Entwise kneeled over the damp carpet, holding his gut, as if he personally had been wounded. Years of his life, gone, thrown away…
She knelt beside him, resting a hand on his shoulder. “I’m sorry.”
He pulled back from her touch.
“Do you know what I had to do to get that?”
“I’m sure…” she shook her head. “No, actually, I’m confident that no matter how hard you try to explain, I can’t truly know what you’ve gone through. For that, I’m sorry.”
“But the spell!”
“That’s just it.” She squatted so they could be eye to eye. “It turns out the spell was truly a gift. It was done in… well done for show, but not malice. It was meant as a peace offering for the future of our kingdoms. It brought out my inner desire.”
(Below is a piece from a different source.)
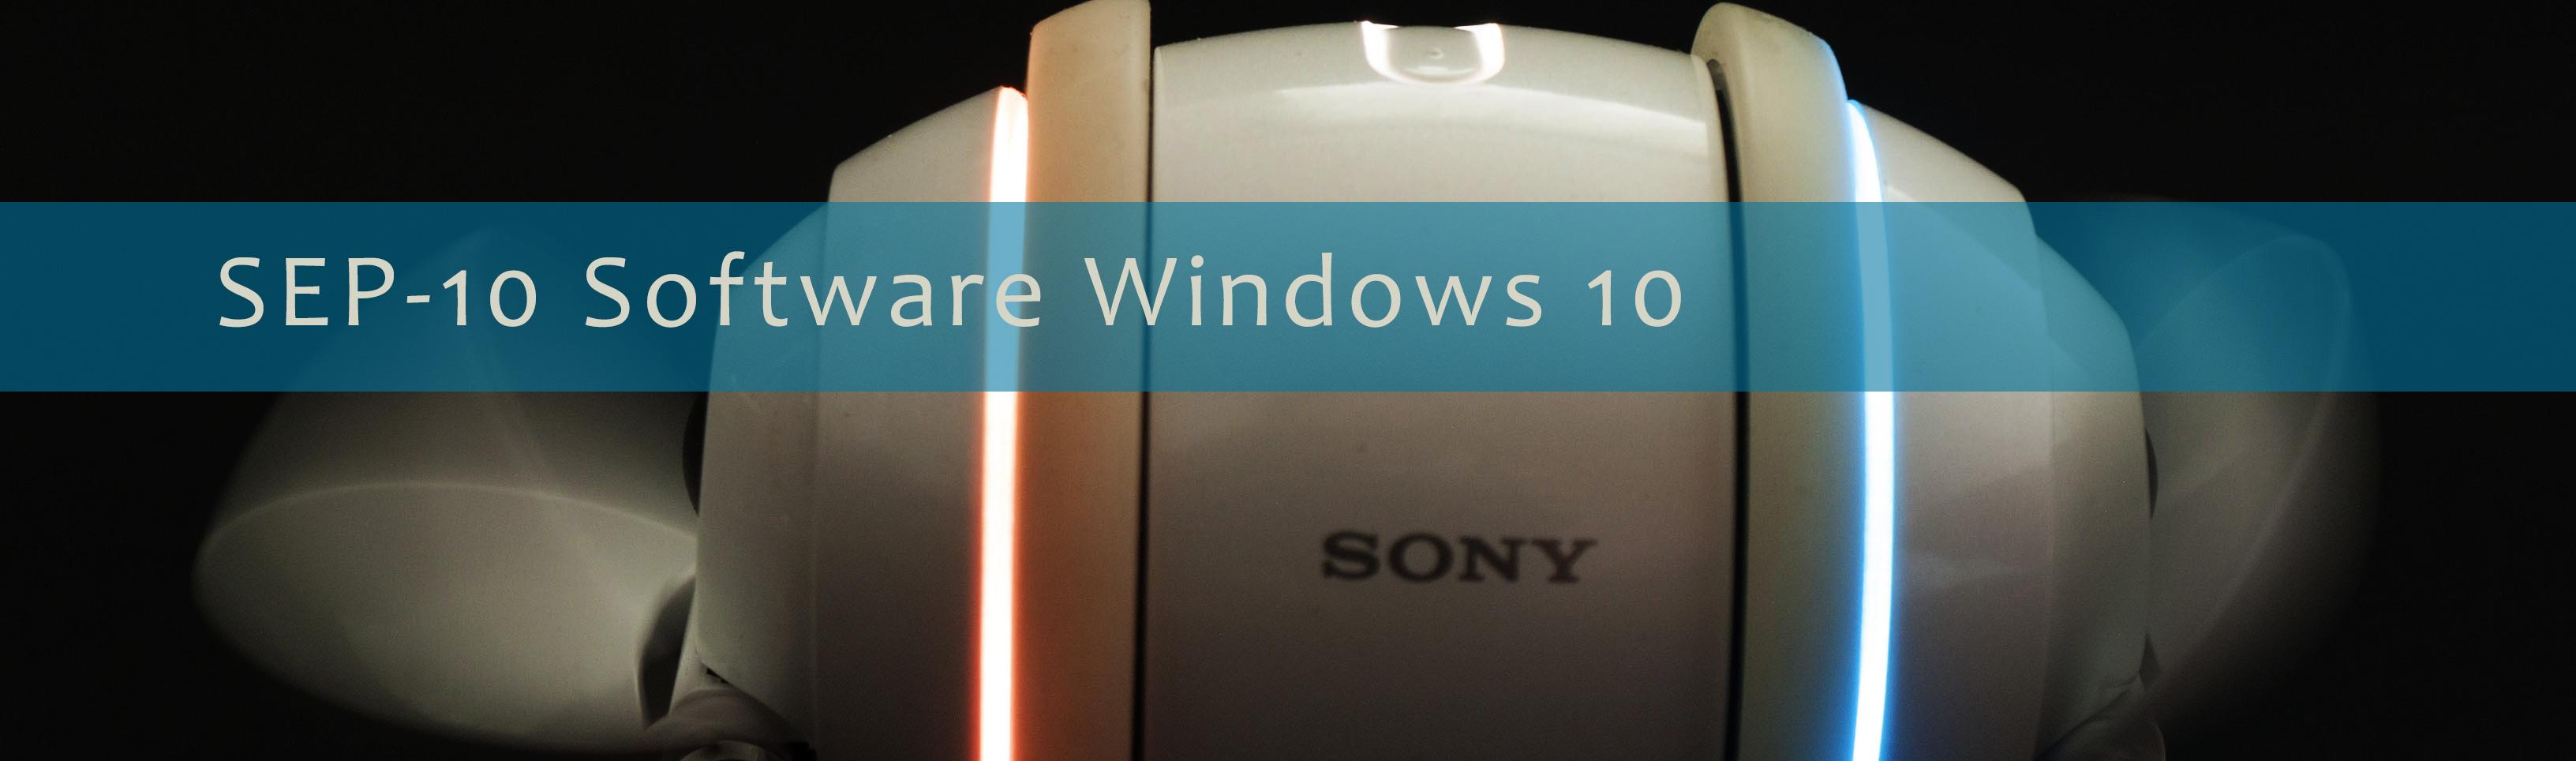 Sonicstage windows 10

“But the magician queen turned you into a man!”
“I know,” the princess said. “But never the less, I feel confident that this was always who I was meant to be and as I grew to like the idea of outwardly being a man, the spell took hold, completing itself. Had the change been against my will, the spell would have unraveled. This is me. The real me.”
Although the princess’s face was now covered in stubble, the shape of it, was still the same. The curve of her smile, the lines along her cheeks when she laughed, and even her mannerisms hadn’t changed in the slightest. Her body was similar too, the only noticeable change was that her breast had flattened, though he could hardly tell, for she wore the same kind of button up shirt she always wore.
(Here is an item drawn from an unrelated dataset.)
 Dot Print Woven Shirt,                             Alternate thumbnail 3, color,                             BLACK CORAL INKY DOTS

“Princess, please be honest,” Entwise said. “You are truly happy as a man?”
“Yes.” She laid a hand on his shoulder. “And I’m no longer a princess. I am a prince. Please don’t use my old title or refer to me as being a woman. You can call me Carlist.”
Entwise’s shoulder sank.
“I’m not trying to be harsh it’s just…” Carlist sighed as he dropped to sit beside Entwise. “You’ve been gone a long time, and it’s not been easy. Gaining this body has been like going through puberty again, and even though I am a man, some don’t consider me to even be a real man. Some of the high lords still refer to me as ‘princess’ behind my back. Not to mention I’ve come to realize that as lucky as I was to receive this gift, there must be others out there who don’t feel at home in their own bodies. I’ve been trying to help them, but I’ve not been doing a good job…”
So much time had been lost and it was impossible to get it back. And what of the prices he had paid? …were they all for nothing? He could have stayed and taken over the baker’s shop like his former master had wanted and the outcome from that to now would be no different, except he wouldn’t hurt on the inside or be covered in scars. His breath wouldn’t shorten when he thought someone was walking behind him. He would still have his ring finger… and what hurt the most wasn’t those things. It was the loss of the future.
The loss of the life he had dreamed of having, a life that would never come to be.
He was supposed to return to Lockhaven to save the love of his life. They would then be together, not just in the present, but for forever. They would wed and his best friend would become his true life partner….
Now that wouldn’t happen.
“You should know, I’m still me.” Carlist rested his hand on Entwise’s. The touch was familiar. Their fingers still fitting together in the same way that they always had. “I still love to dance. I hate Garan music. I think my father is a nob, and my mother too overbearing. Teal is still my favorite color, and there is nothing more I want to do on a cold rainy day than snuggle in my blankets while reading a good a Hemmingwell book.”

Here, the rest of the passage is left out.